Лэниген и (или) мир вернулись к существованию. Какое-то время прошло, а может, и не прошло. Что-то, может, произошло, а может, и нет.
Лэниген приподнялся на кушетке и посмотрел на Самсона.
— Ну, как себя чувствуешь? — спросил доктор.
— Нормально, — ответил Лэниген, — Что случилось?
— Тебе было плохо, — сообщил Самсон. — Расслабься чуть-чуть.
Лэниген снова лёг и попытался успокоиться. Доктор сидел за столом и что-то писал. Лэниген зажмурился и сосчитал до двадцати. Потом осторожно открыл глаза. Доктор Самсон всё ещё писал. Лэниген оглядел комнату, насчитал пять картин, повторно пересчитал их, взглянул на зелёный ковёр и снова закрыл глаза. На этот раз он сосчитал до пятидесяти.

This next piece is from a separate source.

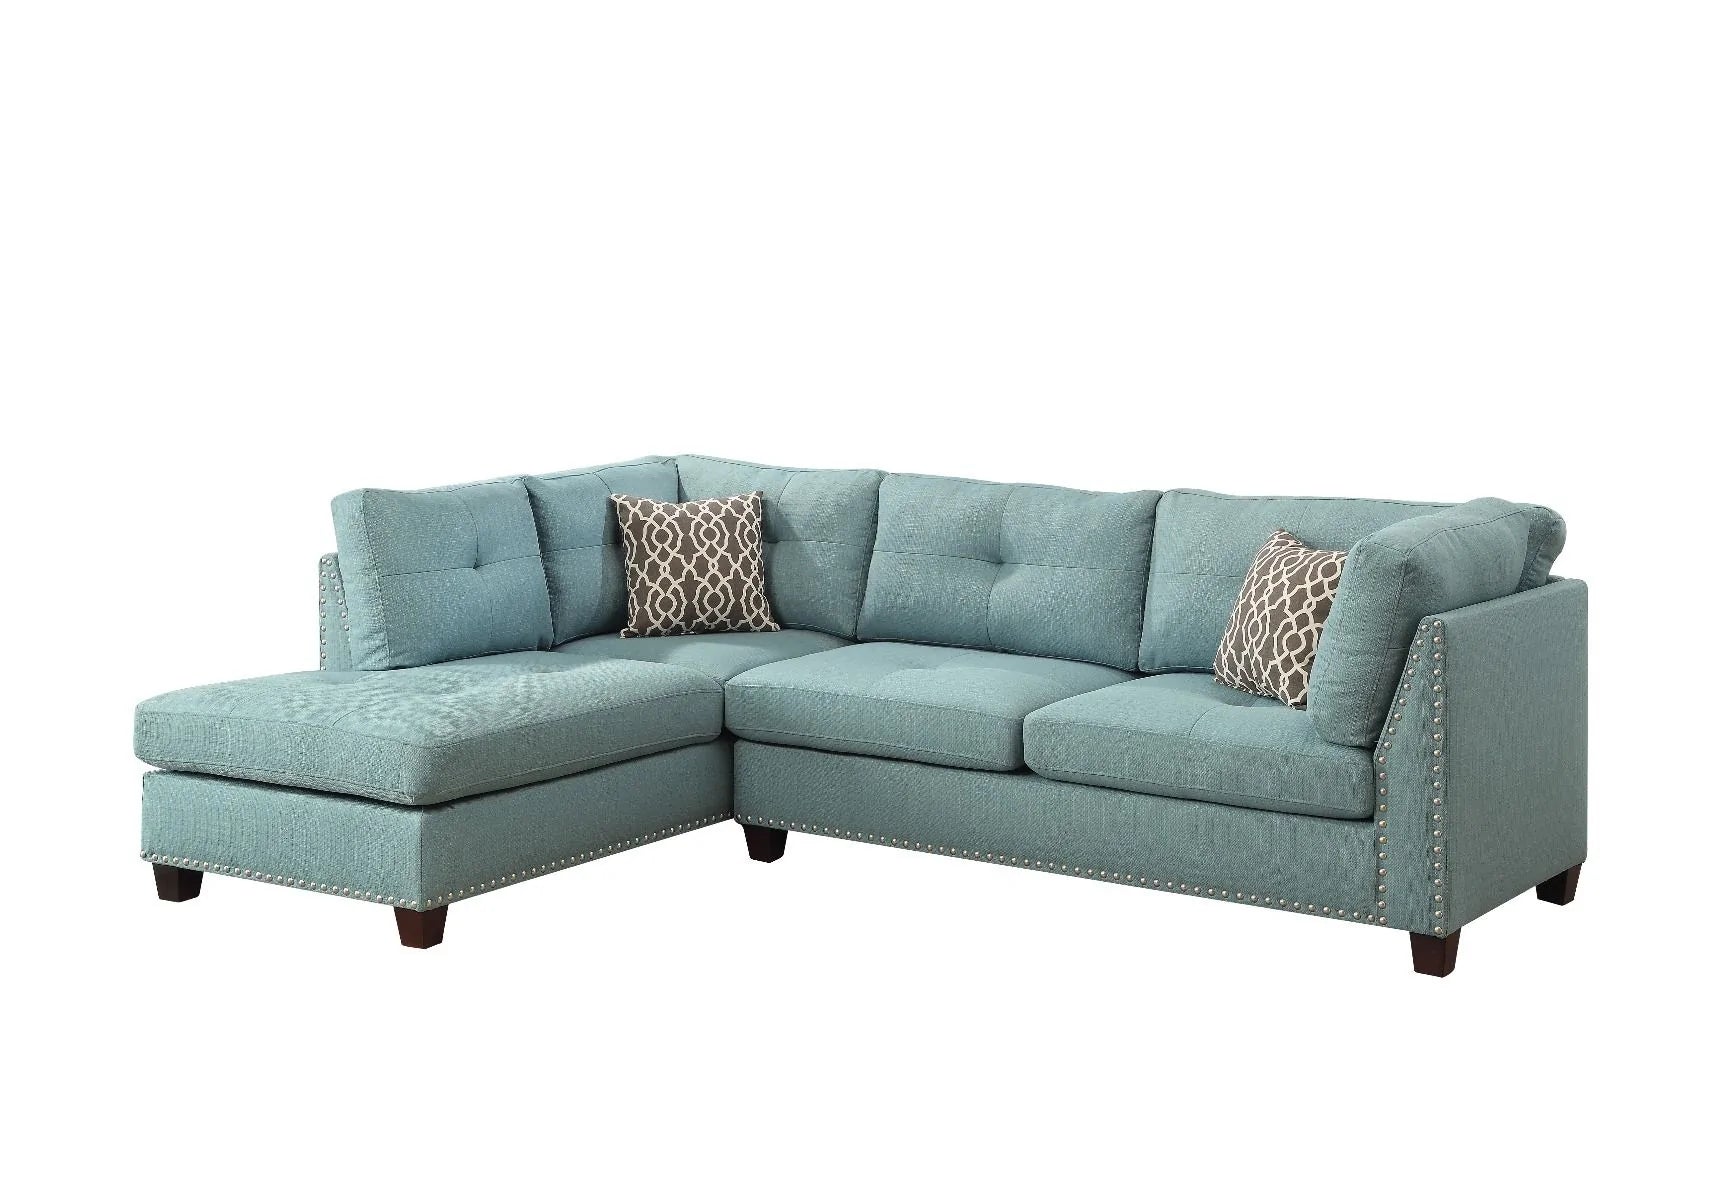 Laurissa Light Teal Linen Sectional Sofa Model 54390 By ACME Furniture

— Ну что, побеседуем? — закрывая тетрадь, спросил доктор Самсон.
— Нет, только не сейчас, — ответил Лэниген. (Пять картин, зелёный ковёр.)

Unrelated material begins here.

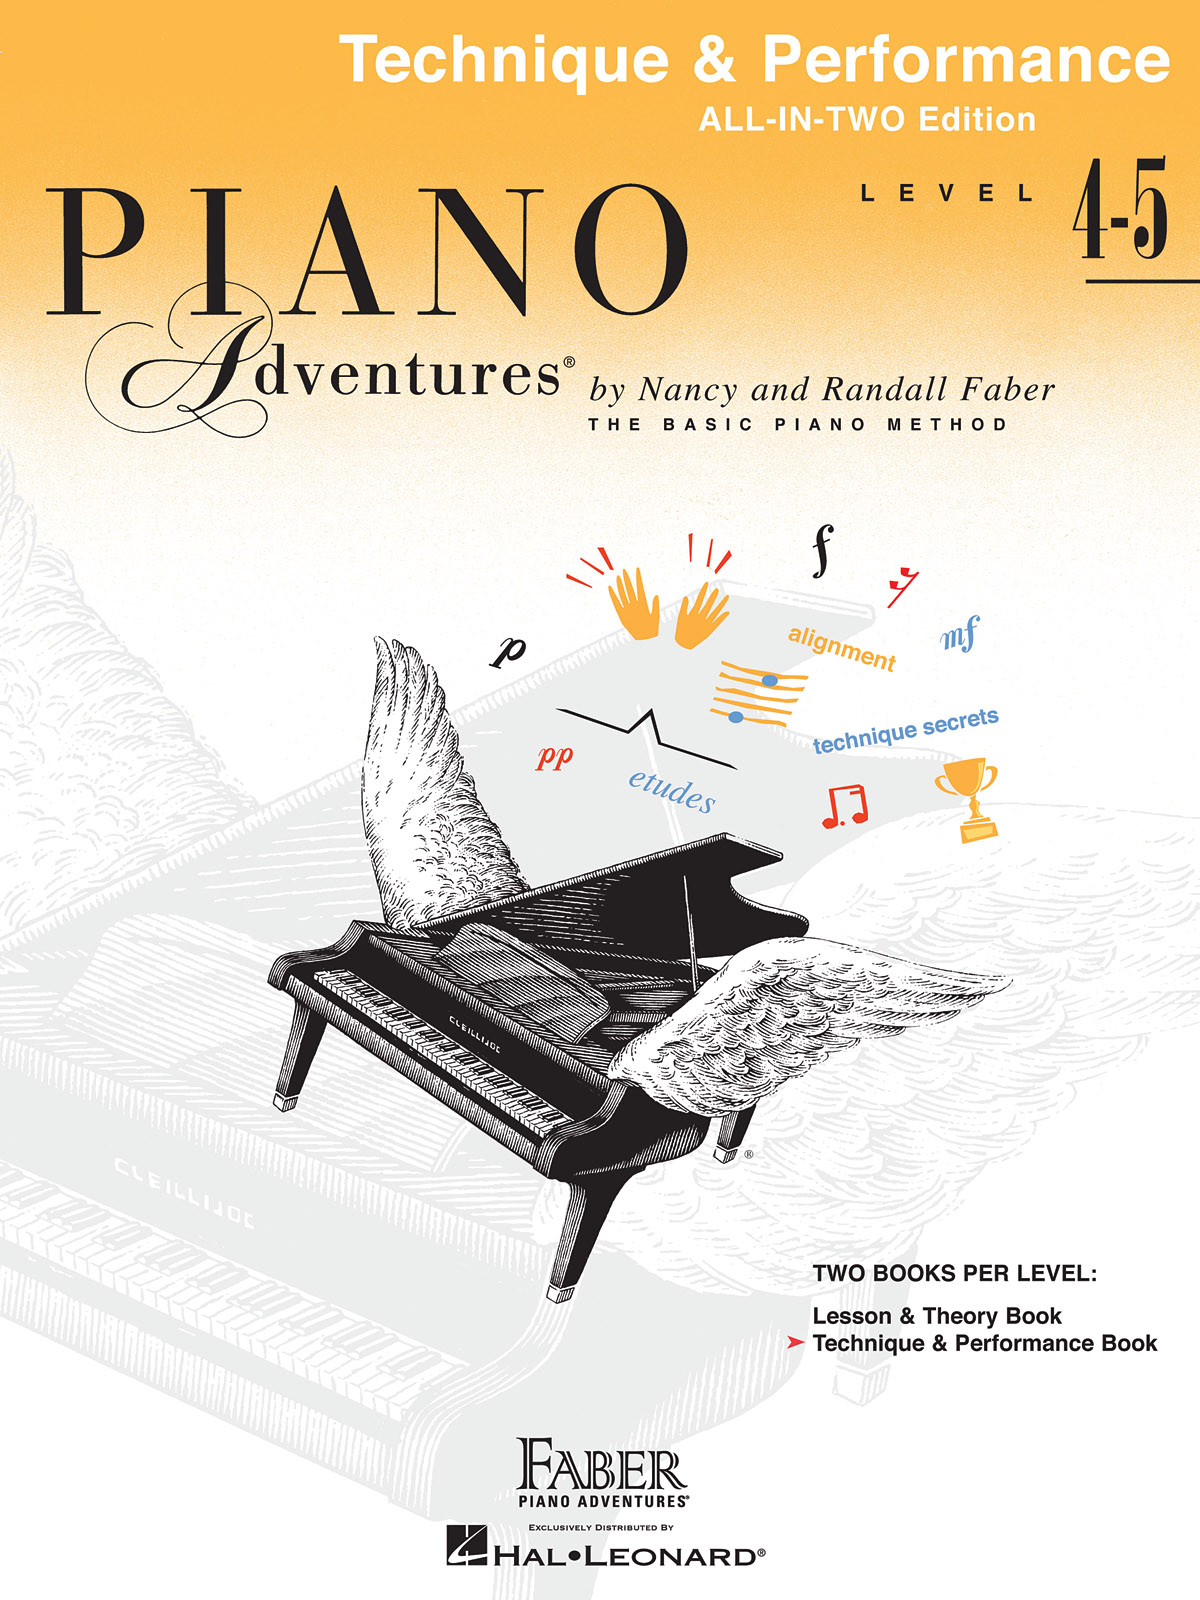 Nancy Faber Randall Faber: Piano Adventures All-In-Two Level 4-5 Tech & Perf:

— Как пожелаешь, — согласился доктор. — Я думаю, на сегодня хватит. Но если хочешь, можешь полежать в приёмной…
— Нет, благодарю, я лучше пойду домой, — отказался Лэниген. Он встал с кушетки, прошёл по зелёному ковру к двери, оглянулся, снова посмотрел на пять висящих на стене картин и на доктора Самсона, который ободряюще улыбался ему, после чего вышел в приёмную, дошёл до входной двери, вышел, прошёл по коридору, спустился по лестнице и оказался на улице.

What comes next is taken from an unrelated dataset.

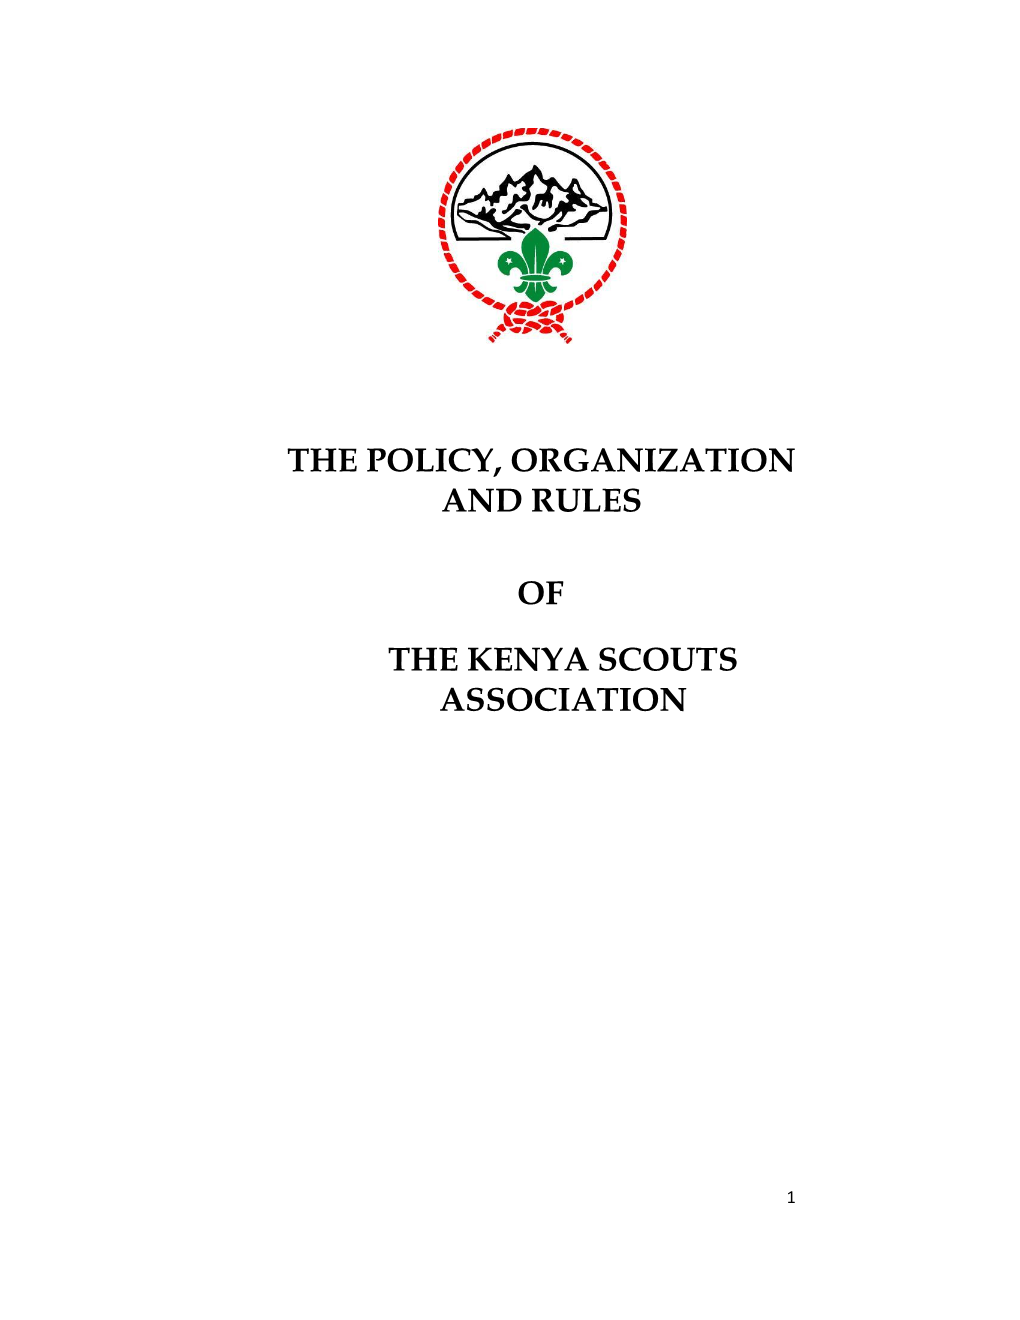 The Policy, Organization and Rules of the Kenya Scouts

Он шёл по улице и смотрел на деревья, на ветвях которых от лёгкого ветерка трепетали зелёные листья. По обеим сторонам улицы двигался поток машин. Небо оставалось голубым, и очевидно, было таким всё время.
Сон? Лэниген ущипнул себя. (Ущипнул свой сон?) И не проснулся. Тогда он вскрикнул. (Воображаемый крик?) И опять не проснулся.
Лэниген попал в свой, до мелочей узнаваемый, кошмар. Но на сей раз он длился много дольше, чем раньше. Следовательно, это больше не сон, (Ведь сон — просто краткодлящаяся жизнь, а жизнь — очень долгий сон.) Лэниген совершил переход из реальности в сон (или реальность перебросила в сон Лэнигена!). Невозможное стало возможным, просто став тем, что оно есть.
И тротуар ни разу не прогнулся под его ногами. И Первый Национальный Городской Банк находился там, где ему положено — он был здесь вчера, и будет завтра; гротескно лишённый возможностей, он больше никогда не станет пальцем, аэропланом или скелетом доисторического чудовища, а как был, так и останется угрюмым серым зданием из стали и бетона, сохраняющим бессмысленное существование в своей неизменности до тех пор, пока люди с разрушающей техникой не сломают его.
Лэниген брёл по этому замершему миру, видя над собой голубое с белизной по краям небо, застывшее в своей постоянности. И движение транспорта везде было правосторонним, и люди переходили улицы по переходам, и стрелка часов отсчитывала минуты, не нарушая общего хода времени.
А где-то за городом расположились пригороды; но Лэниген знал, что трава там не вырастет внезапно под чьими-нибудь ногами. Она просто растёт сама по себе, растёт неумолимо, но незаметно глазу, не согласуясь с чьими бы там ни было чувствами. А горы, как были черны и высоки, так такими и оставались — вросшими в землю гигантами, лишёнными возможности (и совершенно не предназначенными для этого) маршировать под золотым (или лиловым, или зелёным) небом.
Застывший мир. Предопределённый мир рутины и привычностей. Мир, где жутчайшая скука не только возможна, но предопределена. Реальность, в которой быстроизменчивая ртутная субстанция сведена к вязкому вялотекущему клею.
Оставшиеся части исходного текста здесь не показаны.